Je viens de présider un comité interministériel à propos de la terrible situation en Asie du Sud. Tous ces jours derniers, je me suis entretenu à plusieurs reprises au téléphone avec le président de la République et c'est avec lui encore, ce matin, que j'ai préparé les décisions que je vais vous annoncer dans quelques instants. Nous vivons, avec cet événement particulièrement terrifiant, sans doute la plus grande catastrophe naturelle de notre ère contemporaine. C'est une catastrophe continentale, avec des impacts aujourd'hui mondiaux. La planète entière est touchée par cette catastrophe et nous sommes là, sans doute, face à la première grande catastrophe naturelle à impact mondial. C'est une catastrophe qui impose aujourd'hui des actions d'urgence ; c'est évidemment aussi une catastrophe qui impose, dans la durée, une action déterminée, notamment pour ce qui sera l'étape juste après l'urgence, une étape majeure à laquelle le président de la République est particulièrement attentif : c'est l'étape de la prévention des épidémies qui vont se répandre dans cette région si des efforts massifs ne sont pas engagés. C'est pour cela que la France proposera, sur cette dimension de la prévention, de la santé publique, des initiatives que je vous déclinerai dans quelques instants.

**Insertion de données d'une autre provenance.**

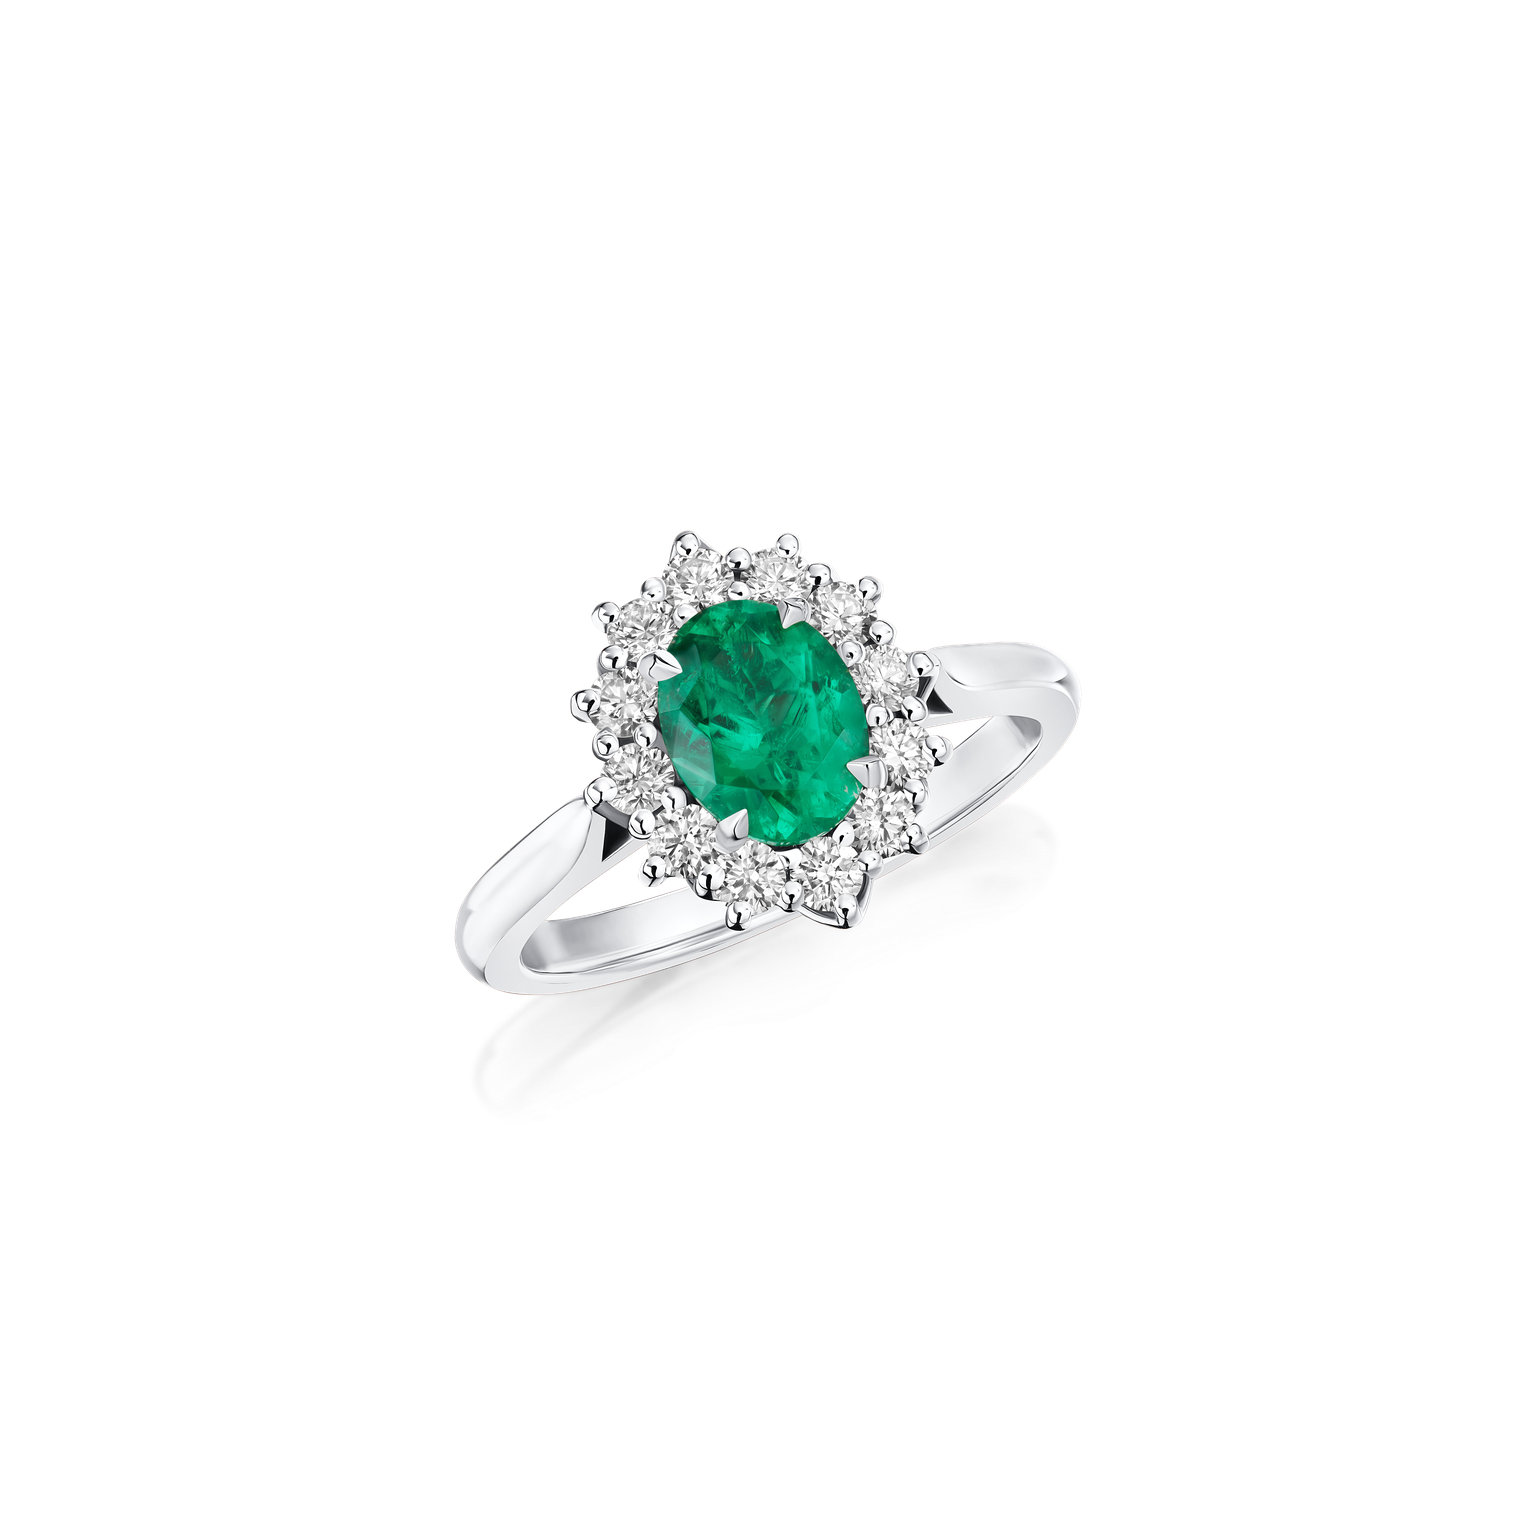 0.97ct Emerald and Diamond Cluster Ring

D'abord, M. Barnier nous a rendu compte du voyage terrible qu'il a fait dans plusieurs sites de cette catastrophe, des rencontres particulièrement touchantes qu'il a pu avoir avec des personnes touchées dans des familles détruites et blessées dans leur chair. Dès le dimanche matin, une cellule de crise s'était tenue au Quai d'Orsay et nous avons mobilisé l'ensemble de nos forces sur place, et nous avons mobilisé les services d'urgence et c'est cette mobilisation que M. Barnier est allé constater sur le terrain, apportant de l'aide technique et aussi engageant le dialogue avec les autorités locales, avec lesquelles nous devons parler, et notamment nous devons leur parler du rapatriement des corps, qui est une priorité pour nous et pour les familles concernées. M. Barnier nous a dit combien il avait été marqué par cette douleur sur l'ensemble de ce continent, une douleur qui est particulièrement voyante dans les yeux des enfants, puisque c'est sans doute une crise mondiale qui touche d'abord l'enfance. Le nombre d'orphelins, le nombre aujourd'hui de familles déchiquetées est très très important, et il est évident que nous avons une action toute particulière à engager pour tous ces enfants qui se trouvaient en Asie du Sud dans cette période et qui sont aujourd'hui seuls au monde et qui ont besoin de nous tous.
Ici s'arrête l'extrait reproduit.